At the end of a corridor, one of the classrooms that has been converted into a dormitory. (Photo by Pierre-Louis Caron/VICE News)
Dangerous Conditions
In a statement released shortly after the migrants moved into the abandoned high school, local mayor François Dagnaud warned of the presence of asbestos in the building. Volunteers have since voiced concern over peeling paint, dangerous rooms, and the absence of locks.
"During the last general assembly [on August 22], we mainly went over the incident from the previous night," said Shaïsta, who translated the meeting for the Pashto speakers. "Someone broke into the kitchen at night and stole all of our kitchen appliances."
Another volunteer — who wished to remain anonymous — told VICE News that migrants had a "fairly good" relationship with local residents. "We put posters up to remind [migrants] not to make any noise after 10pm, and to remind them that bringing in alcohol or owning a weapon is not allowed. Some of the people who live here have narrowly escaped death several times [on their way to France], they are on edge," he told VICE News.

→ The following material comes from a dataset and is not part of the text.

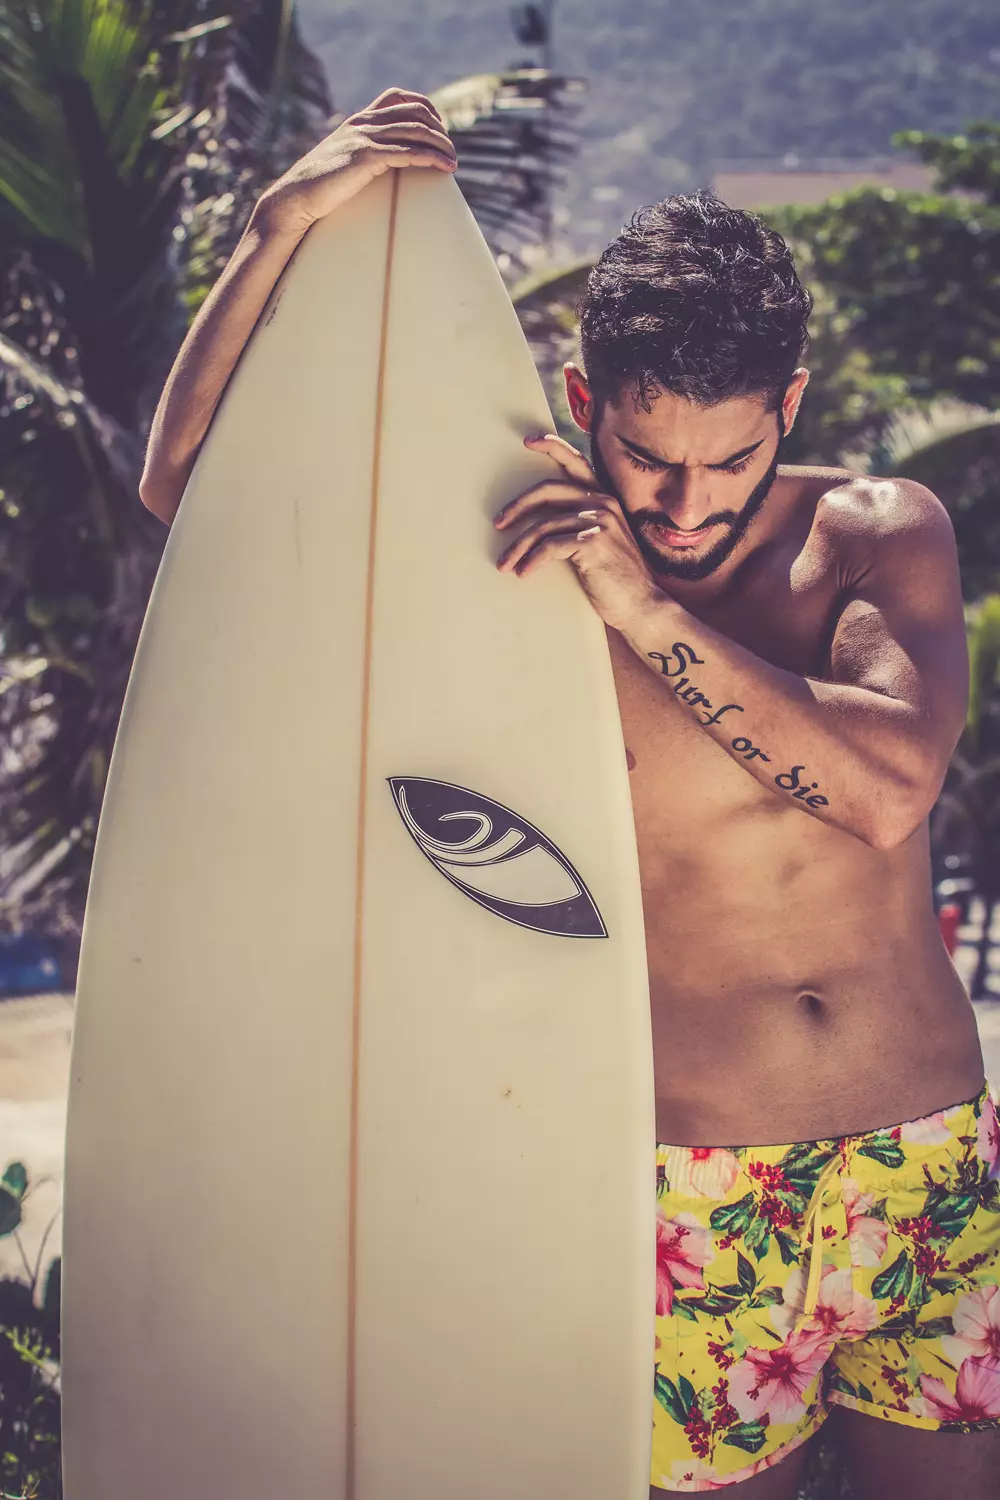 Allons à Rio !!! Rencontre avec William Magalhães dans une session ensoleillée de good vibe shootée par Simone Fransisco. Surfeur et acteur, photographié sur la plage d'Arpoador Rio de Janeiro.

A few feet away, a migrant from Afghanistan called us over. "The police, too, are very violent," he said, "even in Paris."
Introducing himself as Saïd [not his real name], he explained that he had arrived in France in 2005. "I wasn't even an adult," he said. Saïd was granted refugee status and then lost it after he got into trouble with some police officers two years ago.
"I had to leave, come back, I tried to reach England, Belgium, everywhere," he explained, adding that he hoped to file a new asylum claim with the French Office for the Protection of Refugees and Stateless People.
On August 27, several of the volunteers at the school attended a rally in central Paris to show their solidarity with the 250 migrants who are currently camping out on Quai d'Austerlitz, in the southeast of the city, steps away from one of the hippest clubs in the capital.
On Monday, two delegations of migrants called a press conference outside the Paris town hall to voice their disappointment over the delay in starting work at the high school. They also expressed their concern that migrants' basic needs were not being met. Migrant representatives are due to meet with the local authorities later in September.